Exercise requirements:
Copy each line below as written, but skip the pictures.

The data:
....

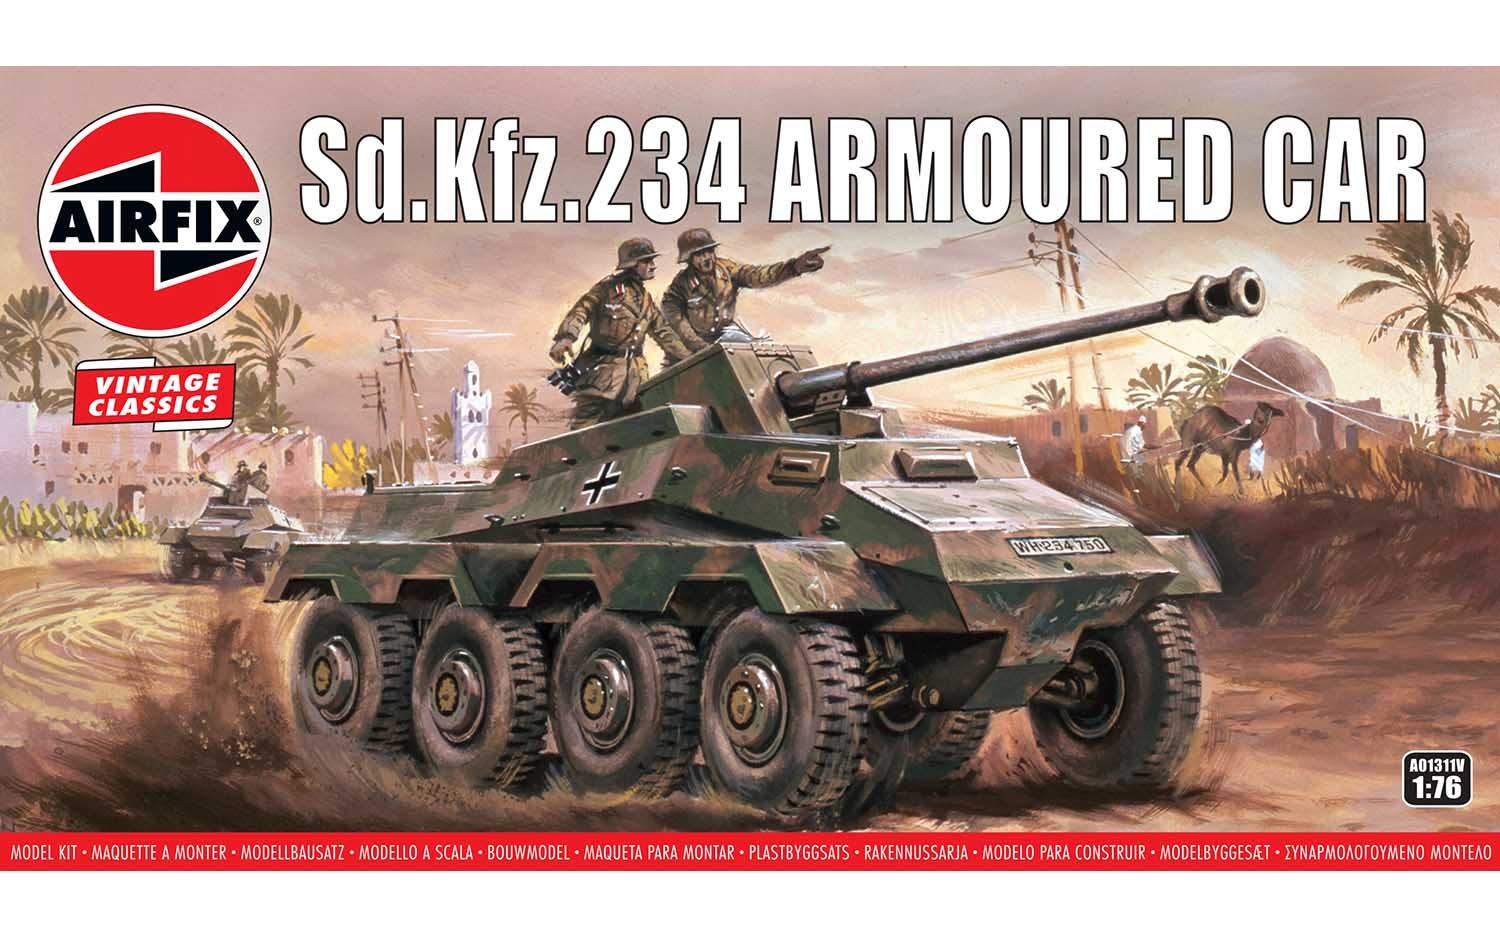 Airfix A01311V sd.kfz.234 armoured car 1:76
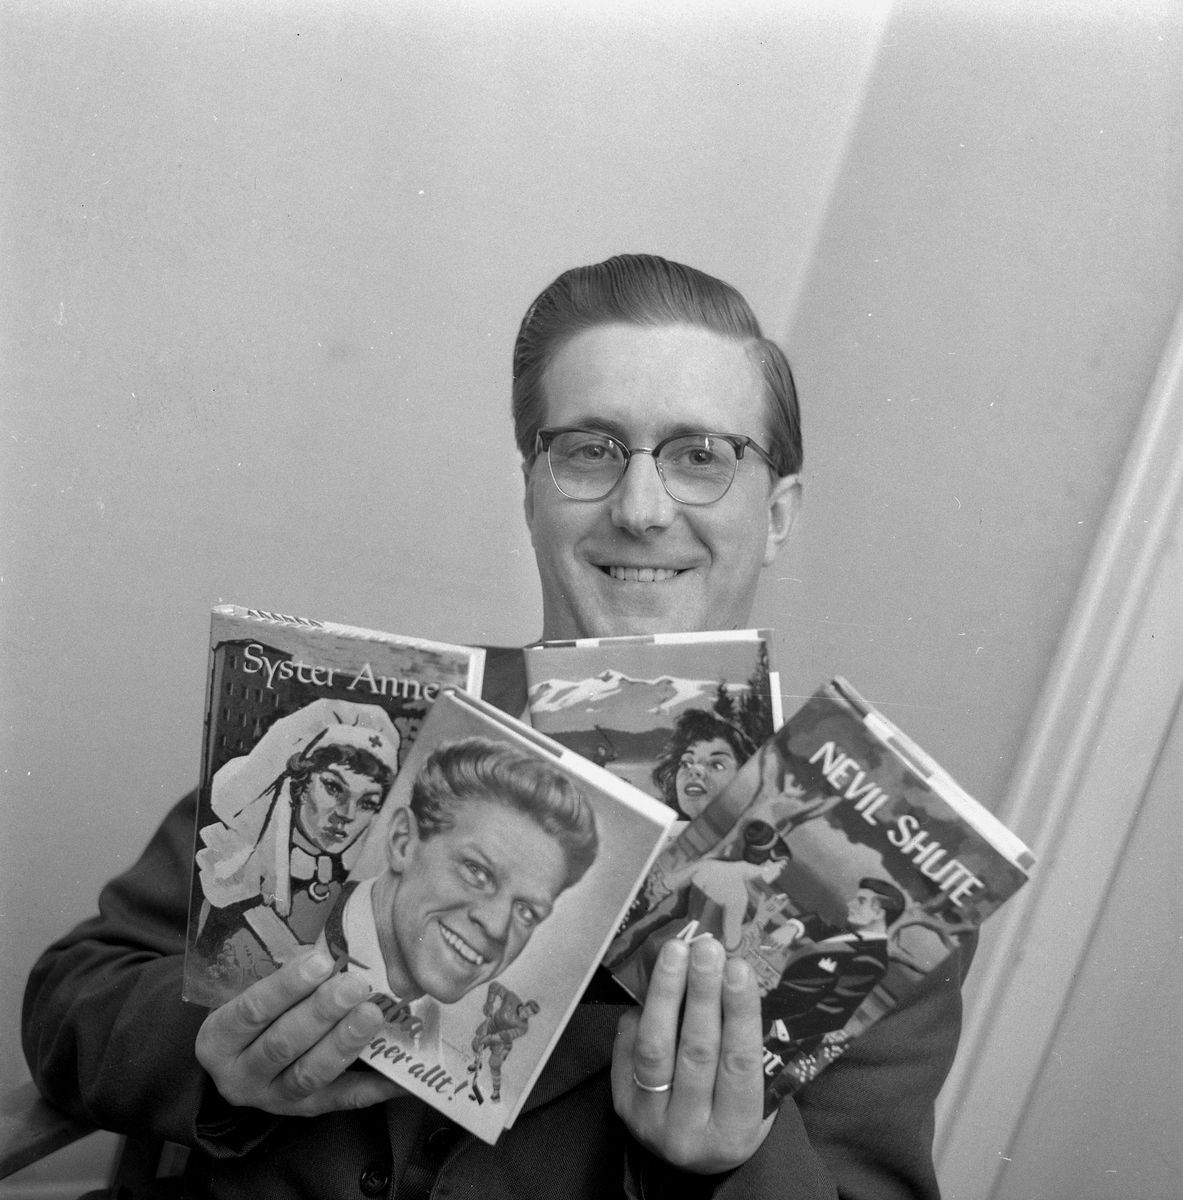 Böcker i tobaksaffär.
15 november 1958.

....

The completed task:
 Airfix A01311V sd.kfz.234 armoured car 1:76
 Böcker i tobaksaffär.
15 november 1958.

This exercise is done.